Ce sont pourtant les contours d'un outil majeur de la politique européenne que les trois institutions devront, tôt ou tard, décider de concert, prenant effet dès le début de l'année 2023 : la prochaine mouture de la Politique agricole commune (PAC) qui, avec un budget de 387 millions d'euros - dont 270 milliards d'aides directes aux agriculteurs -, déterminera une partie non négligeable des revenus de ces derniers jusqu'en 2027. Et orientera la politique de l'Union européenne en la matière, dans un contexte reconnu d'urgence climatique.
Les éco-régimes divisent
Les Vingt-Sept avaient bien approuvé, en octobre 2020, la réforme de cette politique, et décidé de son « verdissement » par la mise en place de nouveaux « éco-régimes » - des primes accordées aux exploitants participant à des programmes environnementaux exigeants. Mais sept mois plus tard, le niveau de conditionnalité de ces aides et les volumes de financements qui leur seront consacrés divisent toujours au sommet de l'Union.
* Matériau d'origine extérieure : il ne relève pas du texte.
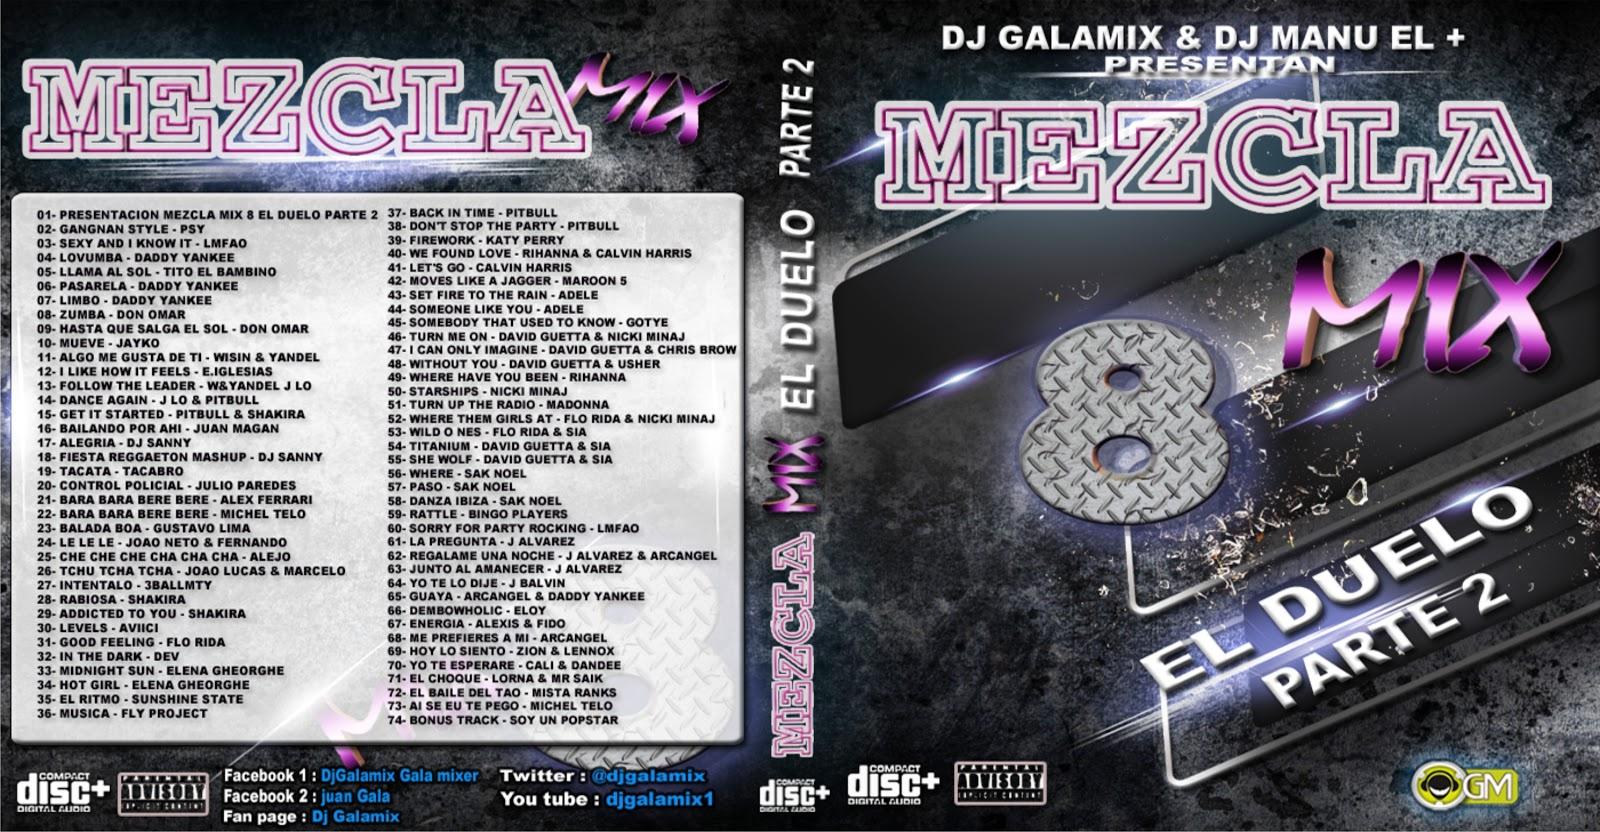 Gala mixer bases

Quant les eurodéputés plaident pour un mécanisme ambitieux, les Etats s'inquiètent de changements trop brutaux. « Je me demande si on est partenaires ou adversaires », va jusqu'à dire Eric Andrieu, eurodéputé (Socialistes & Démocrates), rapporteur sur la PAC pour sa partie OCM (organisation commune des marchés).
Des dissensions à l'image de celles agitant les Etats membres, qui devront chacun soumettre à Bruxelles leur propre plan stratégique national de la PAC, et voient leurs agriculteurs se déchirer depuis plusieurs mois entre volontés de « verdissement » et crainte de perdre des aides précieuses.
Seuil de financement des éco-régimes
Pour l'heure, les gouvernements nationaux, qui semblent donc pencher du côté des seconds, mettent en avant leur « pragmatisme » : sur le montant des aides dédiés aux éco-régimes, les Etats réunis dans le Conseil souhaitaient limiter les volumes de financement consacrés à l'éco-régime à 20% seulement des aides du premier pilier (qui concerne celles allouées directement aux agriculteurs pour leur assurer un revenu minimum) - avant de se dire finalement prêts à accepter un seuil de 25%. Un montant toujours en deçà des prétentions du Parlement européen, qui demande lui une hausse à 30% minimum.
« Pour la PAC en cours, on avait voté un premier pilier à 30% de crédit pour le « verdissement ». Alors que depuis, la nécessité d'agir sur les enjeux climatiques a été formellement reconnue, [...] tout le volet lié à l'écologisation de la future PAC serait désormais inférieur à 30%. Ce serait une diminution très surprenante, et non conforme aux ambitions européennes », fait valoir Eric Andrieu.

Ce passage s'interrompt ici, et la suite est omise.